Si tratta di un commento biblico su una delle caratteristiche più evidenti dell’ebraismo: la differenza tra azione e credo, tra asiyah e shemiyah, tra fare e capire. I cristiani hanno la teologia. Gli ebrei hanno la legge. Si tratta di due approcci molto diversi alla vita religiosa. L’ebraismo è una comunità d’azione. Riguarda il modo in cui le persone interagiscono tra loro. Si tratta di portare Dio negli spazi condivisi della nostra vita collettiva. Proprio come conosciamo Dio attraverso ciò che fa, così Dio ci chiede di portarlo in ciò che facciamo. In principio, come diceva Goethe, era l’azione. Per questo l’ebraismo è una religione della legge, perché la legge è l’architettura del comportamento.

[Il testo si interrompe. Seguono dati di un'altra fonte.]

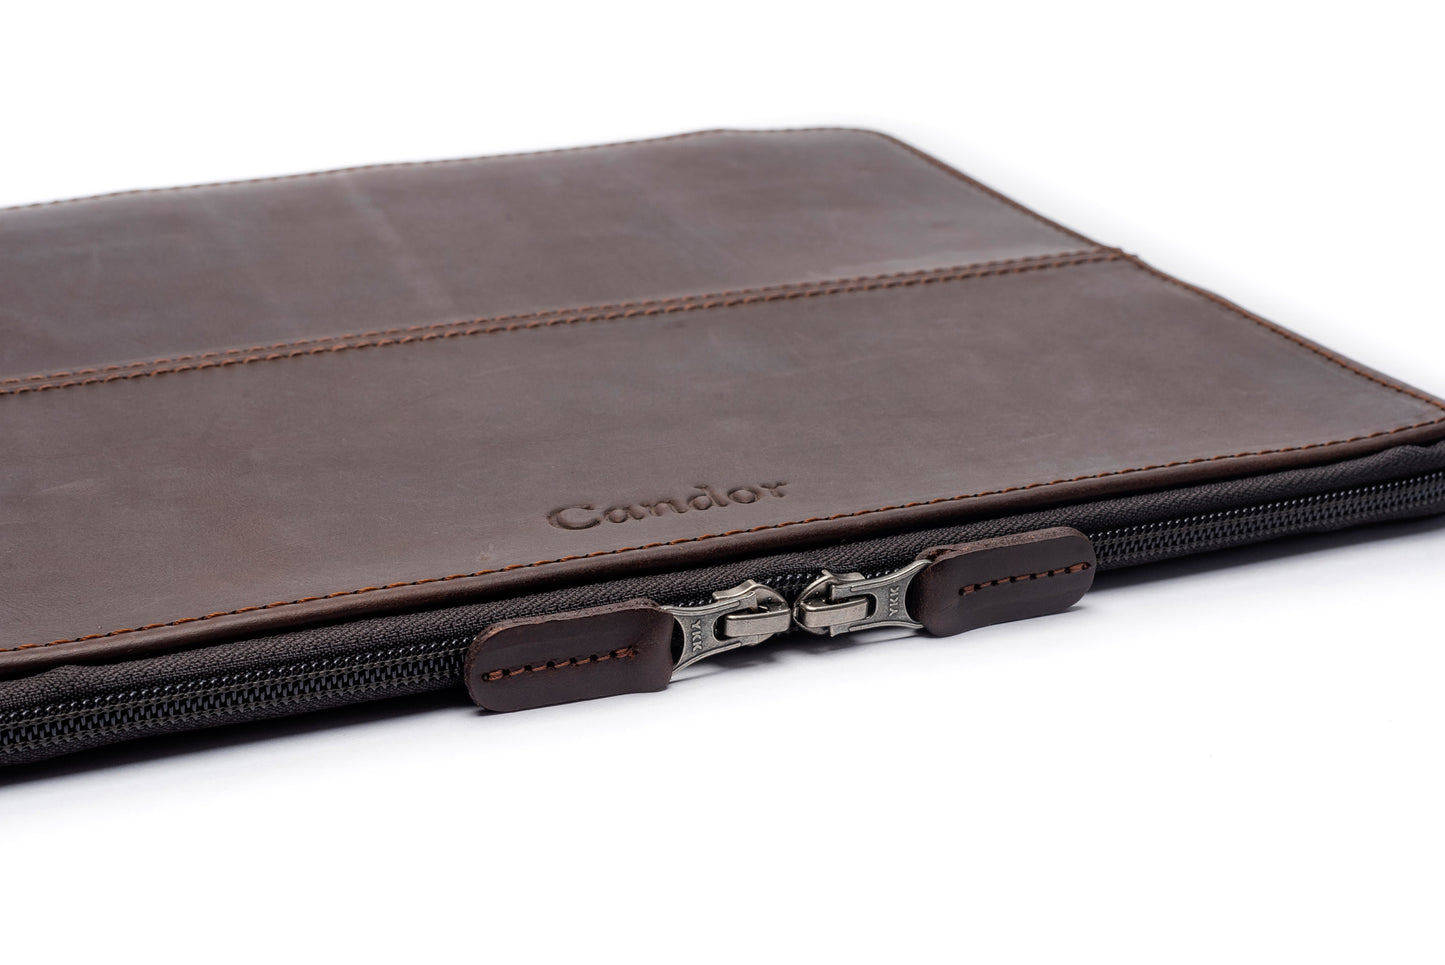 Leather Laptop Sleeve (Candor Full Grain)

Quando invece si tratta di credenze, di credo, di dottrina, di tutte quelle cose che dipendono dalla shemiyah piuttosto che dalla asiyah, dalla comprensione piuttosto che dall’azione: su questo l’ebraismo non chiede l’unanimità. Non perché l’ebraismo manchi di credenze. Al contrario l’ebraismo è quello che è, proprio grazie alle nostre credenze, soprattutto la credenza nel monoteismo perché c’è, almeno e al massimo, un solo Dio. La Torà ci parla in Bereshit della creazione, in Shemot della redenzione e nella parashà di questa settimana della rivelazione.

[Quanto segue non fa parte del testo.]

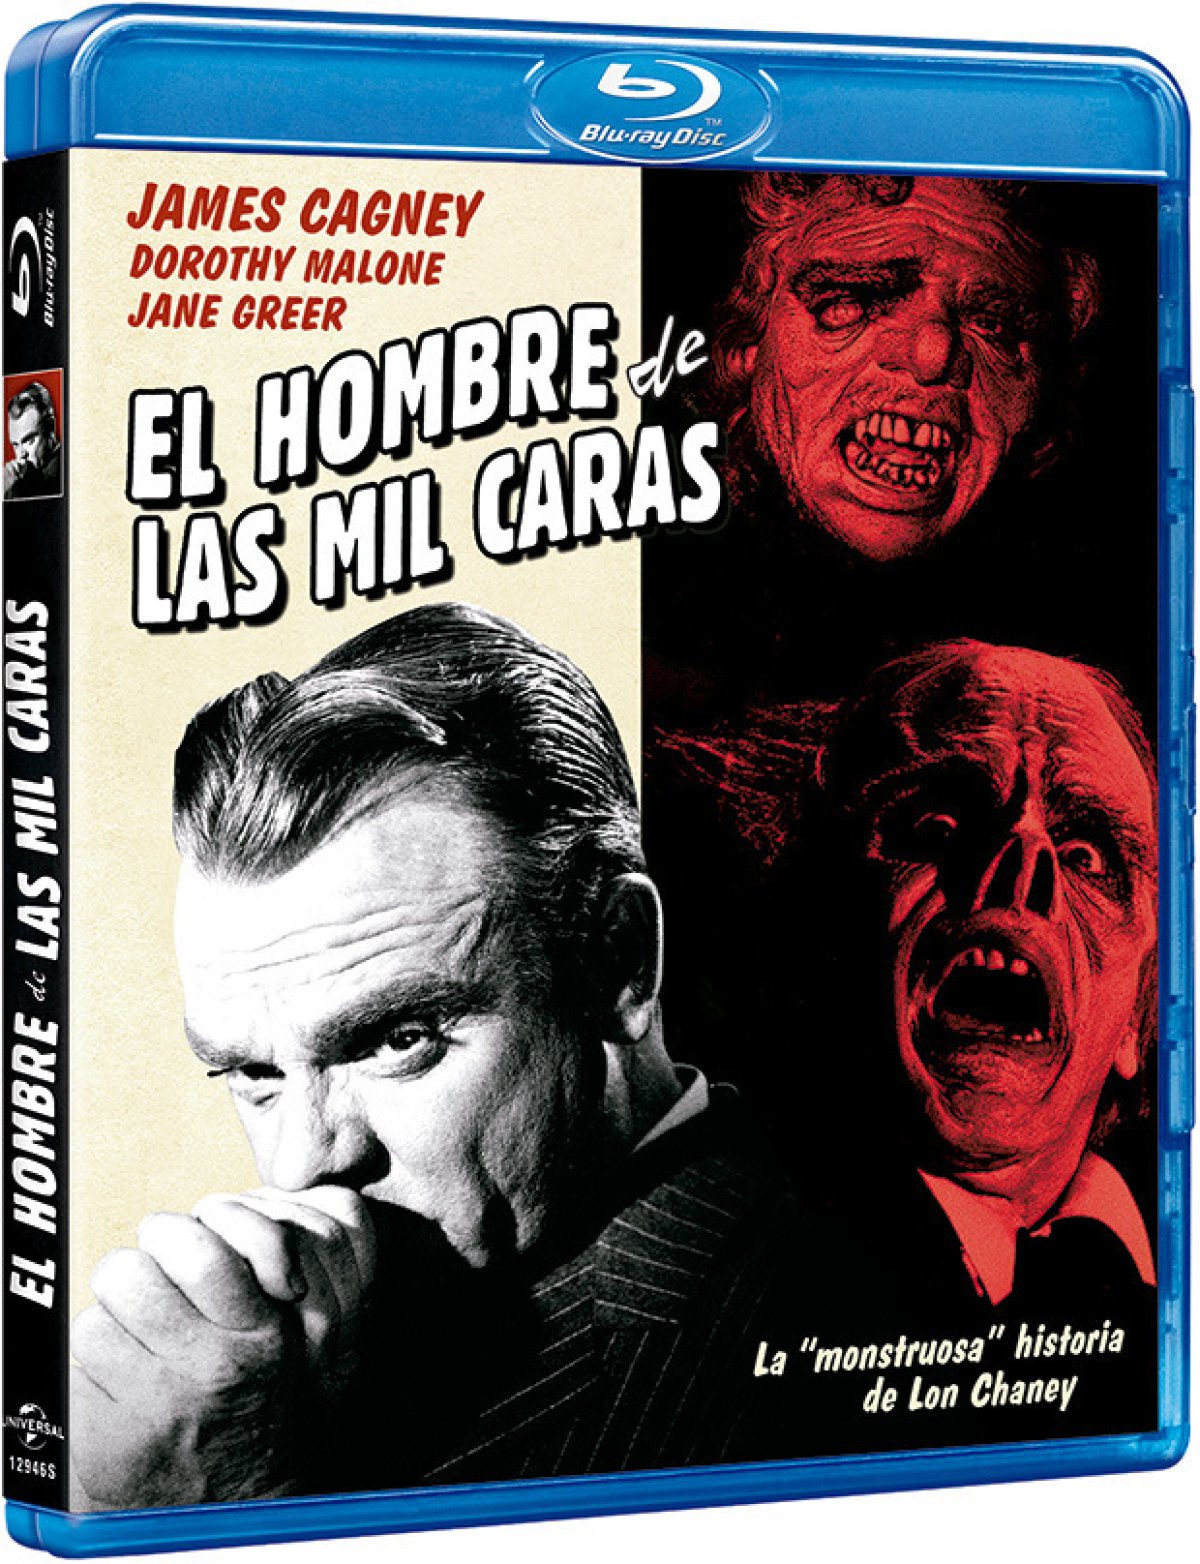 James Cagney (i) en la carátula promocional de &#039;El hombre de las mil caras&#039;

L’ebraismo è un insieme di credenze, ma non è una comunità basata sull’unanimità del modo in cui comprendiamo e interpretiamo tali credenze. Riconosce che siamo intellettualmente e temperamentalmente diversi. L’ebraismo ha avuto i suoi razionalisti e i suoi mistici, i suoi filosofi e i suoi poeti, i suoi naturalisti e i suoi soprannaturalisti: Rabbi Ishmael e Rabbi Akiva, Judah Halevi e Maimonide, il Gaon di Vilna e il Baal Shem Tov. Cerchiamo l’unanimità nella halachah, non nell’Haggadah. Na’aseh, agiamo allo stesso modo, ma nishma, comprendiamo ciascuno a modo suo. Questa è la differenza tra il modo in cui serviamo Dio, collettivamente, e il modo in cui comprendiamo Dio, individualmente.
L’aspetto affascinante è che questa caratteristica ben nota dell’ebraismo è già segnalata nella Torà: nella differenza tra il modo in cui si parla di na’aseh, “come uno”, “con una sola voce”, e nishma, senza un particolare consenso collettivo.
I nostri atti, i nostri na’aseh, sono pubblici. I nostri pensieri, i nostri nishma, sono privati. È così che arriviamo a servire Dio insieme, pur relazionandoci a Lui individualmente, nell’unicità del nostro essere.